(Records supplied):
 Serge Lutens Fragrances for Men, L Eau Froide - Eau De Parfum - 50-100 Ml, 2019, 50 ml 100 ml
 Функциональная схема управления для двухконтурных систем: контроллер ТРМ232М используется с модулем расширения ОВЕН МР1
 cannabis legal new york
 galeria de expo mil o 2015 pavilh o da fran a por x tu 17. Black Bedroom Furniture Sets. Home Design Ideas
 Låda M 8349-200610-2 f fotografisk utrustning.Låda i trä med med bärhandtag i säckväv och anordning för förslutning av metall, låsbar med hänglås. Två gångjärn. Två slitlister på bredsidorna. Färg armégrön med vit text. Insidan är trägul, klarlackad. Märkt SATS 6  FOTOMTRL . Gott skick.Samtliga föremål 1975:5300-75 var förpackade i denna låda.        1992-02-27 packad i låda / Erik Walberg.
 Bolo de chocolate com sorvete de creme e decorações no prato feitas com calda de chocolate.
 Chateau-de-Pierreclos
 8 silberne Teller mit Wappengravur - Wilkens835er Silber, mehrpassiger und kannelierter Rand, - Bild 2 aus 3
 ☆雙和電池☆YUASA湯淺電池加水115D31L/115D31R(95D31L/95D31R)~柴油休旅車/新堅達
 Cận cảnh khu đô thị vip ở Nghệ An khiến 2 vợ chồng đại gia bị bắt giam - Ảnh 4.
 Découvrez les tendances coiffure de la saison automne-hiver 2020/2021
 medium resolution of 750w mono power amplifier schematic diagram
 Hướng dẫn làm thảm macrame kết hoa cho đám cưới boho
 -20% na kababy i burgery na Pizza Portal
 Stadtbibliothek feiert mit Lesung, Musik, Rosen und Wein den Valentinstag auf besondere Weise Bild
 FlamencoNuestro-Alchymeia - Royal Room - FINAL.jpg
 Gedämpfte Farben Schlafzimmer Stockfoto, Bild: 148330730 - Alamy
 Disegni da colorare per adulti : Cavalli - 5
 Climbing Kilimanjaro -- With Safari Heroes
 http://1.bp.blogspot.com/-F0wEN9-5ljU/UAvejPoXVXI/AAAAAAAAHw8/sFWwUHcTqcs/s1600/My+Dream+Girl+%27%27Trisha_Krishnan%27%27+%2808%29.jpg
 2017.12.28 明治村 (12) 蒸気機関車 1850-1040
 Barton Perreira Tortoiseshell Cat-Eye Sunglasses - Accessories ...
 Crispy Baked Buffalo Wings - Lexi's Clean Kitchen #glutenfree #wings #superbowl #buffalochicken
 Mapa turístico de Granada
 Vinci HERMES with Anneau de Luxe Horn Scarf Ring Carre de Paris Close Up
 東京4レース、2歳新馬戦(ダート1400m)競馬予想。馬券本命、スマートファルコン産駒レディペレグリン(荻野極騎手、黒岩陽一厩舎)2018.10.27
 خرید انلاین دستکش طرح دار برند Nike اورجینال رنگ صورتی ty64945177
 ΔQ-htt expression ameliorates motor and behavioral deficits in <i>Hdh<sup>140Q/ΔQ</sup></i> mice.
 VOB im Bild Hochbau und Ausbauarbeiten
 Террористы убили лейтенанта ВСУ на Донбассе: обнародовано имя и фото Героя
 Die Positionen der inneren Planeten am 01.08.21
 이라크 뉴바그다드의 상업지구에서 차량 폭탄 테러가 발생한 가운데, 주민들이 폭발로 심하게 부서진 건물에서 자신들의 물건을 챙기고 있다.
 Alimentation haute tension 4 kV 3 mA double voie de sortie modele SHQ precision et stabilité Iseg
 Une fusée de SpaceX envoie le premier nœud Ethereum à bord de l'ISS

(What you need to do):
Which lines of the data above contain the string "Bild"? Copy each of them.

(Response to the exercise):
 8 silberne Teller mit Wappengravur - Wilkens835er Silber, mehrpassiger und kannelierter Rand, - Bild 2 aus 3
 Stadtbibliothek feiert mit Lesung, Musik, Rosen und Wein den Valentinstag auf besondere Weise Bild
 Gedämpfte Farben Schlafzimmer Stockfoto, Bild: 148330730 - Alamy
 VOB im Bild Hochbau und Ausbauarbeiten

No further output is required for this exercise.